GIVEN DATA >>

= = = = = = =

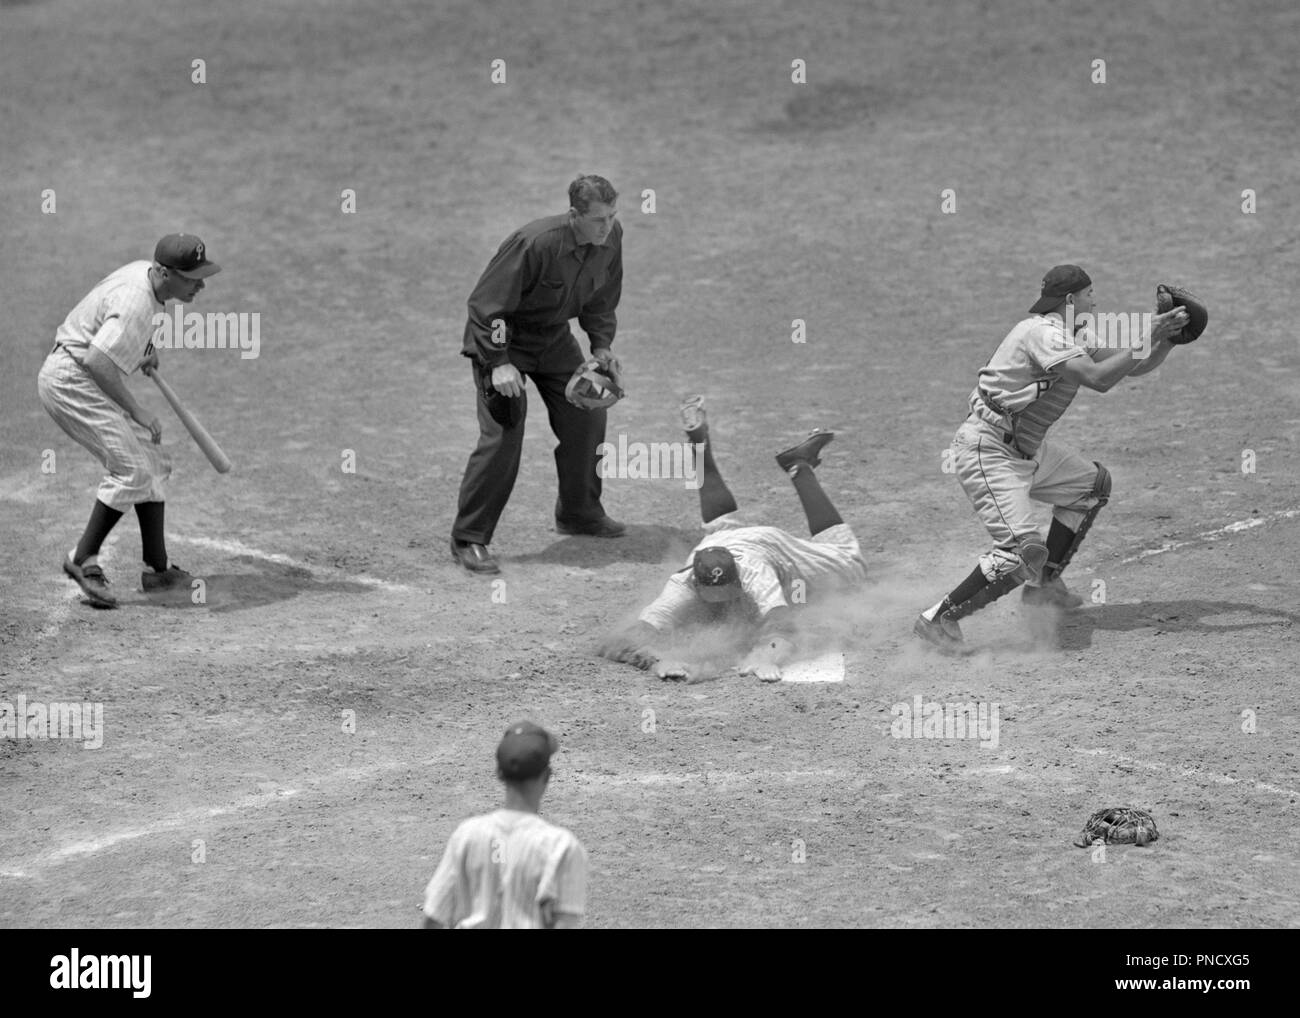 1950S 1960S baseball player safe at home plate cacther in front of plate umpire looking on next batter on deck - b11026 HAR001 HARS FULL-LENGTH PERSONS INSPIRATION MALES RISK NEXT B&W BATTER HIGH ANGLE UMPIRE CATCHER HOME PLATE AT IN OF ON OCCUPATIONS PROFESSIONAL SPORTS CONNECTION MOTION BLUR BALL GAME BALL SPORT MID-ADULT MID-ADULT MAN PHILLIES YOUNG ADULT MAN BASEBALL BAT BLACK AND WHITE CAUCASIAN ETHNICITY HAR001 OLD FASHIONED Stock Photo
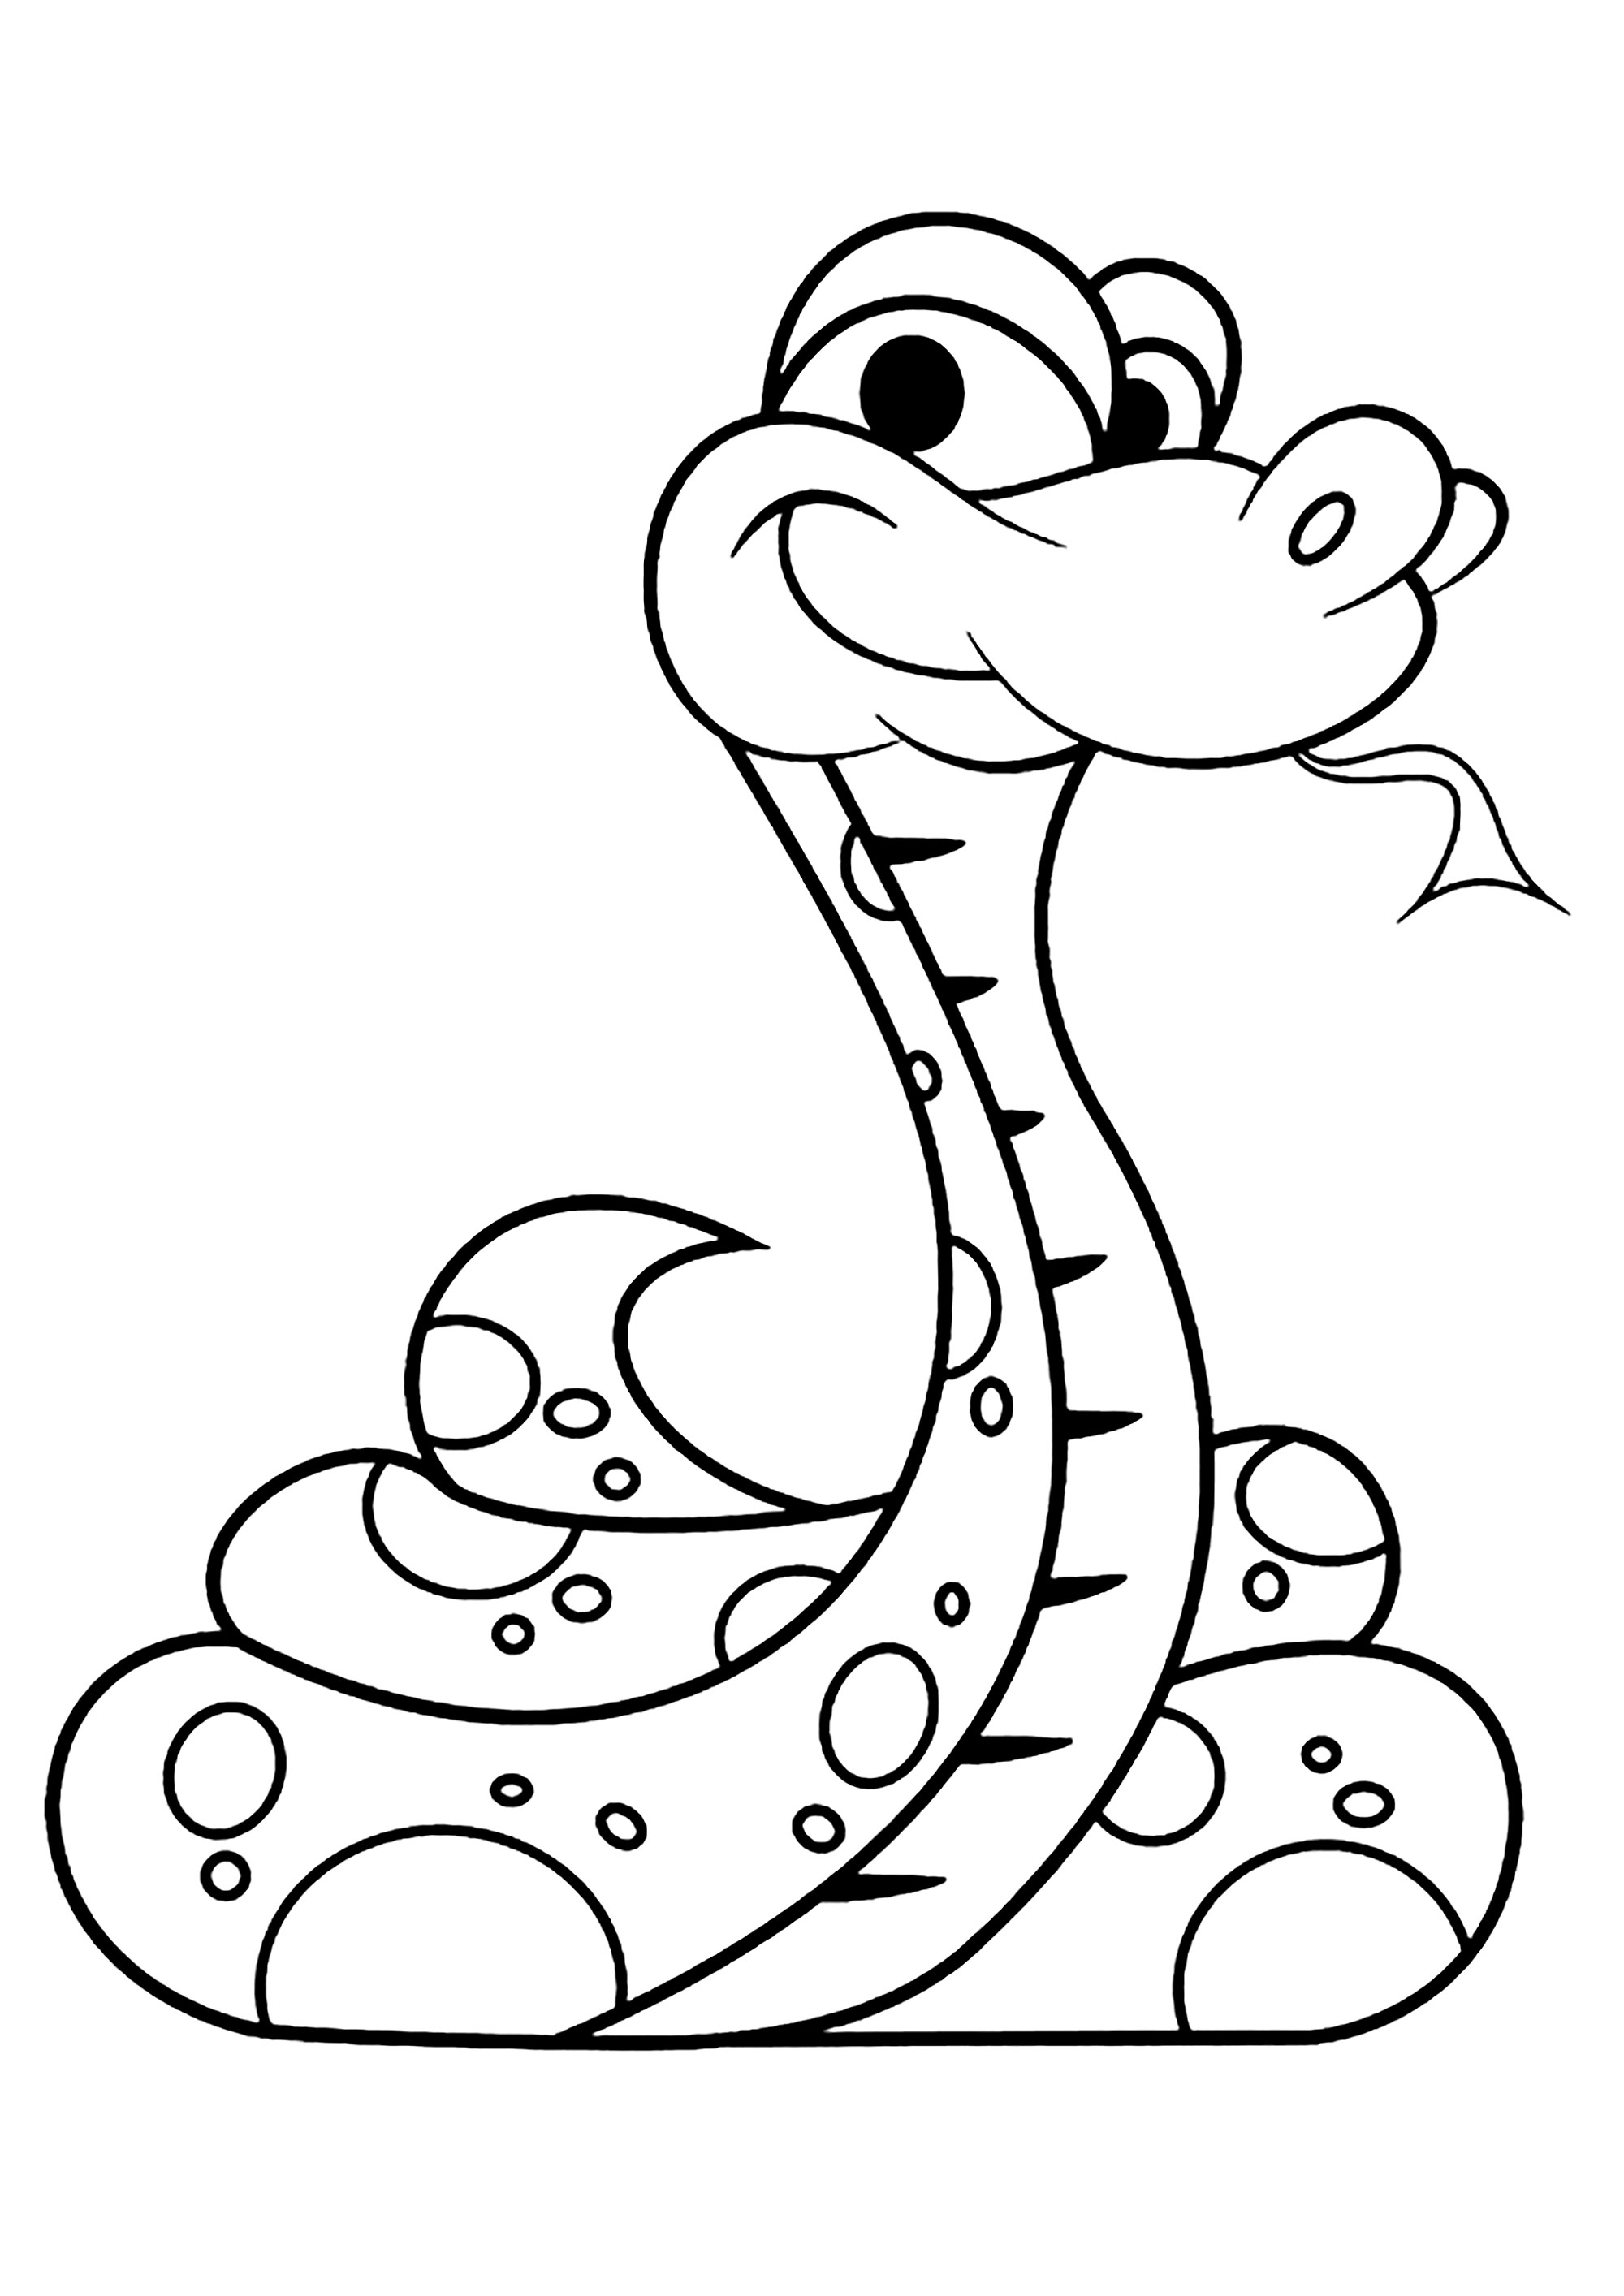 Simple Snakes coloring page to print and color for free
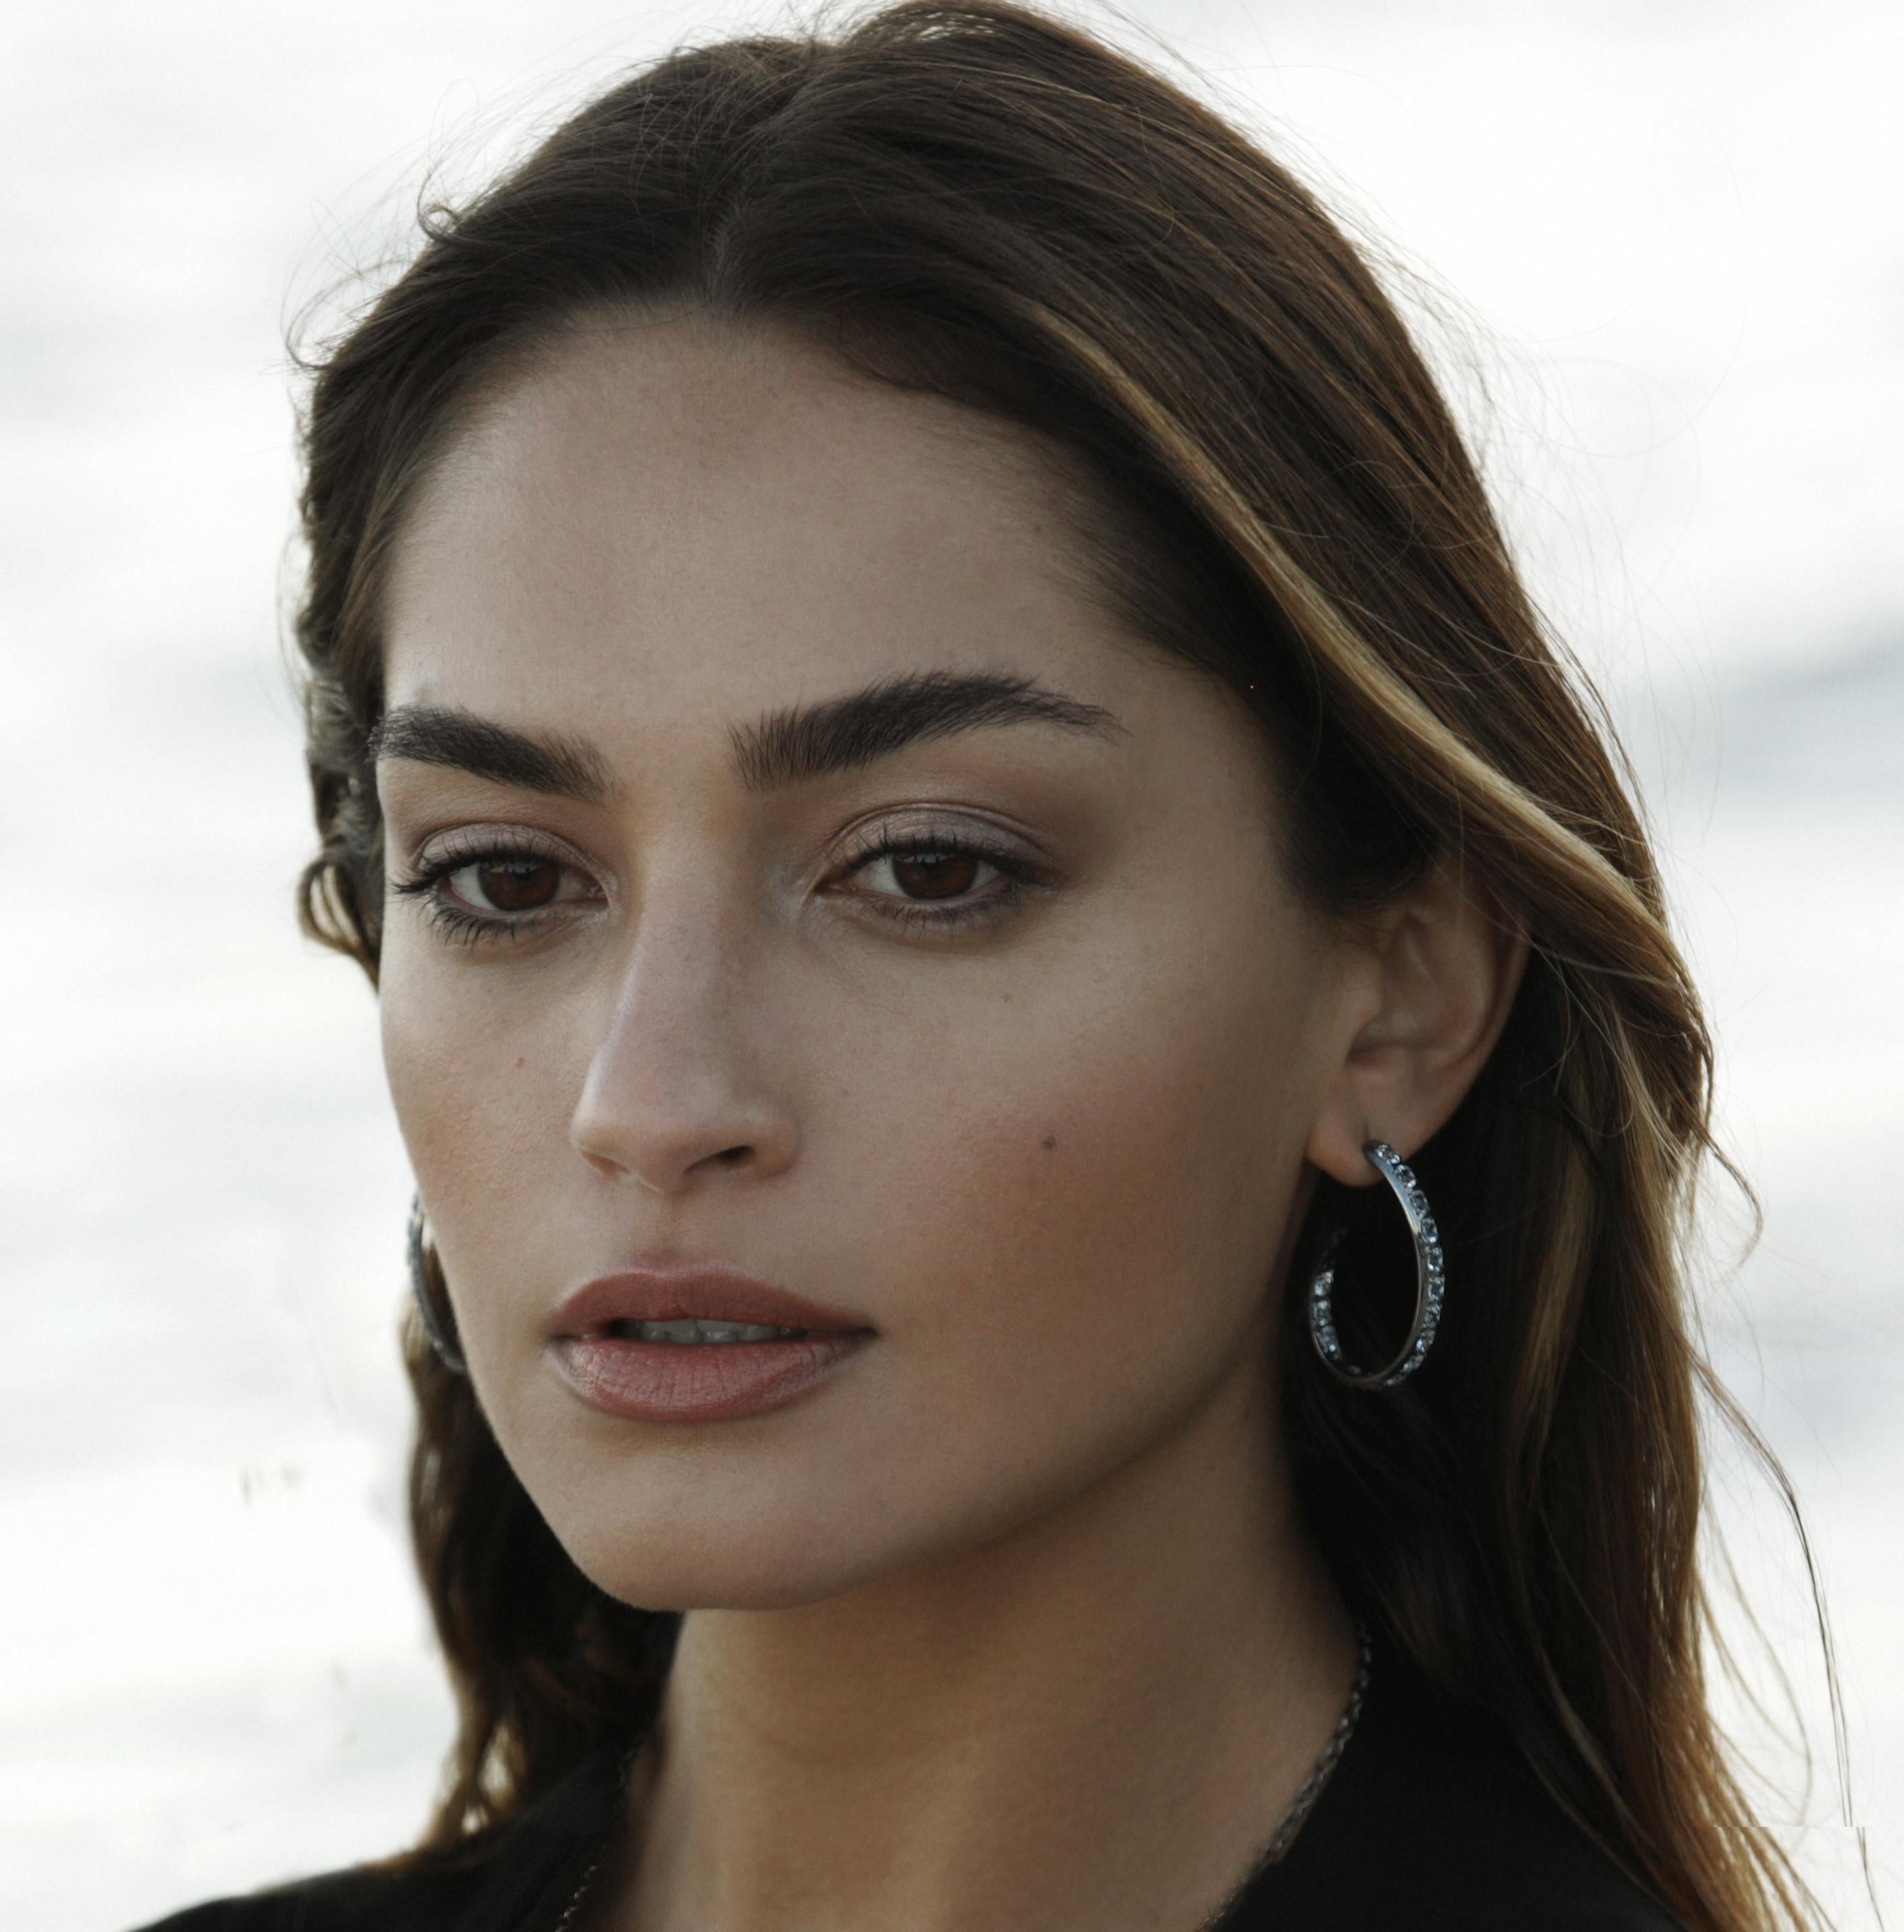 Edgy, lightweight bands of light, the Flamingo hoop earrings in sterling silver and white topaz add effortless dress-up to a casual look, boosting poignant originality and flair by day and by night.
The artist's logo is creatively finessed into the

= = = = = = =

Restate, exactly as they appear, the line with "Simple Snakes coloring" and all the lines after it up to the end of the data above; images do not belong in the copy.

 Simple Snakes coloring page to print and color for free
 Edgy, lightweight bands of light, the Flamingo hoop earrings in sterling silver and white topaz add effortless dress-up to a casual look, boosting poignant originality and flair by day and by night.
The artist's logo is creatively finessed into the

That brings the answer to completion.